┌────────

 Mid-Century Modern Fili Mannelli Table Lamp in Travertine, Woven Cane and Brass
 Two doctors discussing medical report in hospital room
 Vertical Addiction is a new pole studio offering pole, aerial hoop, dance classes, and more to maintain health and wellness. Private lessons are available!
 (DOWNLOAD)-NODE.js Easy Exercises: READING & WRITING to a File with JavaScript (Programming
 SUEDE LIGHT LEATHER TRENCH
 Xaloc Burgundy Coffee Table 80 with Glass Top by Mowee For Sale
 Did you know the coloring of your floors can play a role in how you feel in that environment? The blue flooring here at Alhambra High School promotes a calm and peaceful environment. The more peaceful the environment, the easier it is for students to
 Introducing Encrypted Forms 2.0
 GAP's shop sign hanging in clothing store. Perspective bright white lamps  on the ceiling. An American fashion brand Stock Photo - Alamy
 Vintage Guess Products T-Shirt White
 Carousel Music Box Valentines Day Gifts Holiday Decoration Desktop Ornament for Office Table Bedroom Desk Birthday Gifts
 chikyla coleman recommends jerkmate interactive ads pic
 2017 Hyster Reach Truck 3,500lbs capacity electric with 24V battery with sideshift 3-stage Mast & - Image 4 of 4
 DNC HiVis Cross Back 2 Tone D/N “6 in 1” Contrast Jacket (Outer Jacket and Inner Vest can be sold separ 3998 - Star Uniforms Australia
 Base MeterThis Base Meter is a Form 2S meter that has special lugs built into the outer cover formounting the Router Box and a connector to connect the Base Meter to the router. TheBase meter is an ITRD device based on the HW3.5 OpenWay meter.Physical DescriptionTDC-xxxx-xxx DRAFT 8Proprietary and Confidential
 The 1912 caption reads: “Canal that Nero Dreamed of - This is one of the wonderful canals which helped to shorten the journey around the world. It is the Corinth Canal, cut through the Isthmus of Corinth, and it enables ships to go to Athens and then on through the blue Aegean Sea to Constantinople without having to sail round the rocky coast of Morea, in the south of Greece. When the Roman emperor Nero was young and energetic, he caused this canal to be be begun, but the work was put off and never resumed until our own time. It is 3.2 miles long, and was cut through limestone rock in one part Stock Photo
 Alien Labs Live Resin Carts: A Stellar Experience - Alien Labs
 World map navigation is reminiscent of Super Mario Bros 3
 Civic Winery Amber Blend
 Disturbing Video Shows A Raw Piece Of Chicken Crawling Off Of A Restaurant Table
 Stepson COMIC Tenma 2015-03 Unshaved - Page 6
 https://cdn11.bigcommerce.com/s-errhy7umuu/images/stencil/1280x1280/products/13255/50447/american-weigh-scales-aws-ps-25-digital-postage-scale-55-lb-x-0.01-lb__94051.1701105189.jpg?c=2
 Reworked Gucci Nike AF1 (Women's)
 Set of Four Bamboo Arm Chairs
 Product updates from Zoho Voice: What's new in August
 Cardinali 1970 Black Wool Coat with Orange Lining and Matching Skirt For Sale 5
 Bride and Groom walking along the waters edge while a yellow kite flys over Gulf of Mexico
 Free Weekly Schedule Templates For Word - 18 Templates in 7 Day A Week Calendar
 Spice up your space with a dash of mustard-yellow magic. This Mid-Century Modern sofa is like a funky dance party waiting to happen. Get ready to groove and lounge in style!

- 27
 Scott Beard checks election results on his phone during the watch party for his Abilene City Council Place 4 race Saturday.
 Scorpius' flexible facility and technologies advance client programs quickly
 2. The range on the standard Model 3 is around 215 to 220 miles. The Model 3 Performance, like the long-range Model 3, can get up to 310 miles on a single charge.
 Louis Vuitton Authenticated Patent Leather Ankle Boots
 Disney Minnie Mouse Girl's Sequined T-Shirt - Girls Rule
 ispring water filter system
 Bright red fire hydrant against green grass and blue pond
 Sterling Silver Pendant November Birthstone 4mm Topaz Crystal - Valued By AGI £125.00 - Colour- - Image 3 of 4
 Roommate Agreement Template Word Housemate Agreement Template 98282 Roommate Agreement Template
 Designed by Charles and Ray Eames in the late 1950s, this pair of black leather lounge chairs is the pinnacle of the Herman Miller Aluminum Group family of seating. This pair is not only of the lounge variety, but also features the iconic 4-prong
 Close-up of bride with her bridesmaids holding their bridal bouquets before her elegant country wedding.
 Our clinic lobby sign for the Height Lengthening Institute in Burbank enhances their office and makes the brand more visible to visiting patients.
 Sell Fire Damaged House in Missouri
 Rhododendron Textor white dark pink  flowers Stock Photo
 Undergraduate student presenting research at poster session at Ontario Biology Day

└────────

The lines needed run from the first line of the data through the line containing "Vintage Guess Products T-Shirt White"; give them again exactly and nothing else.

 Mid-Century Modern Fili Mannelli Table Lamp in Travertine, Woven Cane and Brass
 Two doctors discussing medical report in hospital room
 Vertical Addiction is a new pole studio offering pole, aerial hoop, dance classes, and more to maintain health and wellness. Private lessons are available!
 (DOWNLOAD)-NODE.js Easy Exercises: READING & WRITING to a File with JavaScript (Programming
 SUEDE LIGHT LEATHER TRENCH
 Xaloc Burgundy Coffee Table 80 with Glass Top by Mowee For Sale
 Did you know the coloring of your floors can play a role in how you feel in that environment? The blue flooring here at Alhambra High School promotes a calm and peaceful environment. The more peaceful the environment, the easier it is for students to
 Introducing Encrypted Forms 2.0
 GAP's shop sign hanging in clothing store. Perspective bright white lamps  on the ceiling. An American fashion brand Stock Photo - Alamy
 Vintage Guess Products T-Shirt White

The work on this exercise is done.